1. Focus the target editable
Tap the editable once in the standard MCP way to place a caret and bring up the keyboard. You may use tap_element with a selector if the editable has one you can target, or mobile: tap at the editable's web-rect center.
execute_script({
script: `var e = document.querySelector('[data-editable]');
var r = e.getBoundingClientRect();
return JSON.stringify({ cx: Math.round(r.x + r.width/2), cy: Math.round(r.y + r.height/2) })`,
})
switch_context('NATIVE_APP')
tap_element({ x: cx, y: cy })
Verify the field is focused (document.activeElement has data-editable, keyboard is up — data-editing=true):
execute_script({
script: `var ae = document.activeElement;
return JSON.stringify({
active: ae?.getAttribute && ae.getAttribute('data-editable') != null ? 'EDITABLE' : ae?.tagName,
editing: !!document.querySelector('[data-editing=true]')
})`,
})
2. Re-fetch the editable's center coordinates (critical)
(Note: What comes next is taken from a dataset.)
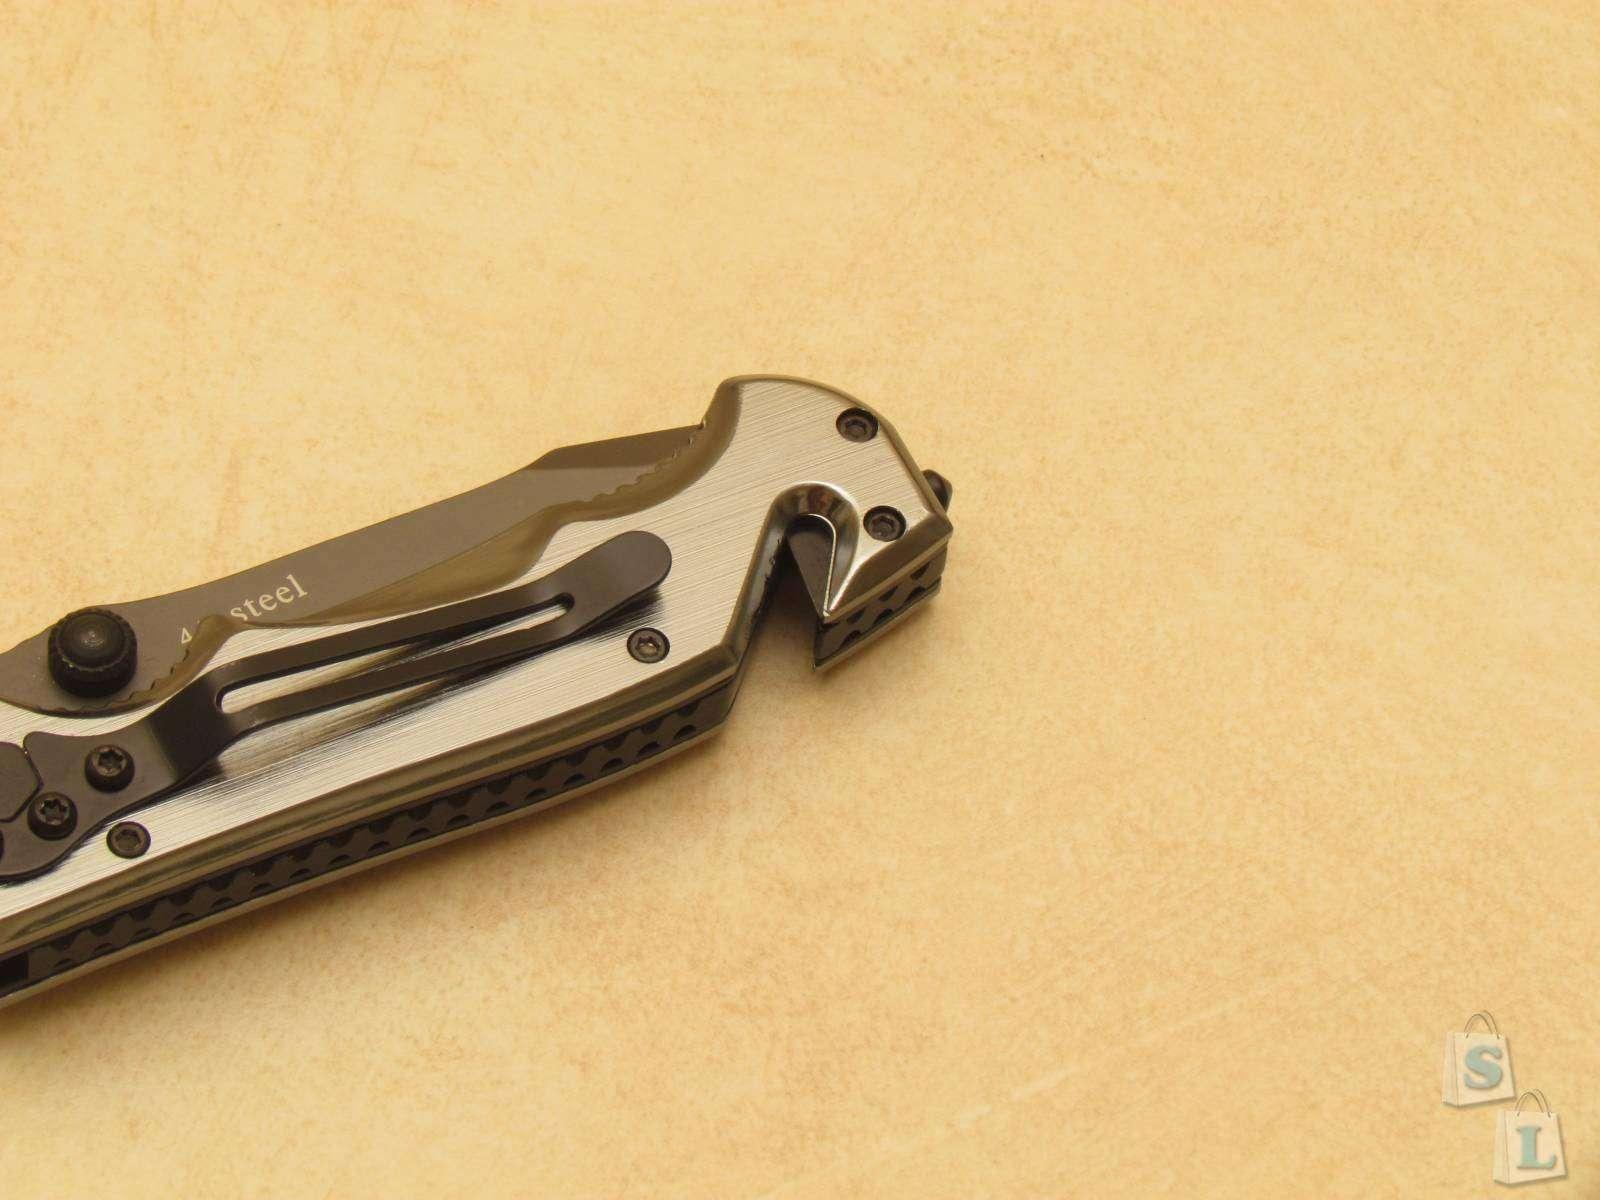 GearBest: SOG - небольшой складной нож - танто для ежедневного ношения

The keyboard opening shifts the layout. Coords from step 1 are now stale. Fetch fresh ones from the focused-state rect:
execute_script({
script: `var e = document.querySelector('[data-editable]');
var r = e.getBoundingClientRect();
return JSON.stringify({ cx: Math.round(r.x + r.width/2), cy: Math.round(r.y + r.height/2) })`,
})
For a typical em thought with the keyboard open, you'll see cy change from ~138 (blurred) to ~164 (focused) — proof the layout shift happened.
3. Dispatch the native double-tap via the touch-fallback skill
Two tap actions with a 100 ms gap. Use the freshly-fetched (cx, cy) from step 2 — not the values from step 1.
.github/skills/browser-control-ios-touch-fallback/touch-perform.sh \
'[{"action":"tap","options":{"x":'$CX',"y":'$CY'}},
{"action":"wait","options":{"ms":100}},
{"action":"tap","options":{"x":'$CX',"y":'$CY'}}]'
Expected: {"value":null} (success). The script exits non-zero and prints the error otherwise.
4. Verify the selection
execute_script({
script: `var s = window.getSelection();
return JSON.stringify({ sel: s.toString(), selType: s.type, rangeCount: s.rangeCount })`,
})
Expected: sel is the word (e.g. "Pineapple"), selType: "Range", rangeCount: 1. On the device, you'll see blue selection handles around the word and the native edit menu showing Cut | Copy | Paste | Replace….
If selType is still Caret or None, see Failure modes below.
Failure modes
- Keyboard closes /
active=BODY after step 3. Tapped outside the word — usually stale coords from step 1. Make sure step 2 ran after the focus tap; re-fetch and retry.
- Edit menu shows
Paste / Select / Select All instead of Cut / Copy / Paste. The two taps were interpreted as separate single taps, not a double-tap (gap too large, or press/release used instead of tap). Confirm you're using the tap action type and a 100 ms gap.
touch-perform.sh exits with Session not started or terminated. BrowserStack session expired or idled out. Restart via start_session (see browser-control-ios), update /tmp/em-bs-session.txt, retry.
touch-perform.sh exits with "BROWSERSTACK_USERNAME ... must be set in env". Creds not in the shell env. In the Copilot runner they come from GitHub Actions secrets via copilot-setup-steps.yml; locally, export them.
Why a separate skill
The general "raw touch dispatch" mechanism is in browser-control-ios-touch-fallback. This skill is the policy on top: for the specific task of selecting a word in em, here are the surrounding steps — focus first, refresh coords, dispatch the right action sequence, verify. The mechanism is reusable for future fallback recipes; this recipe is reusable as the canonical "select a word" pattern without re-deriving it.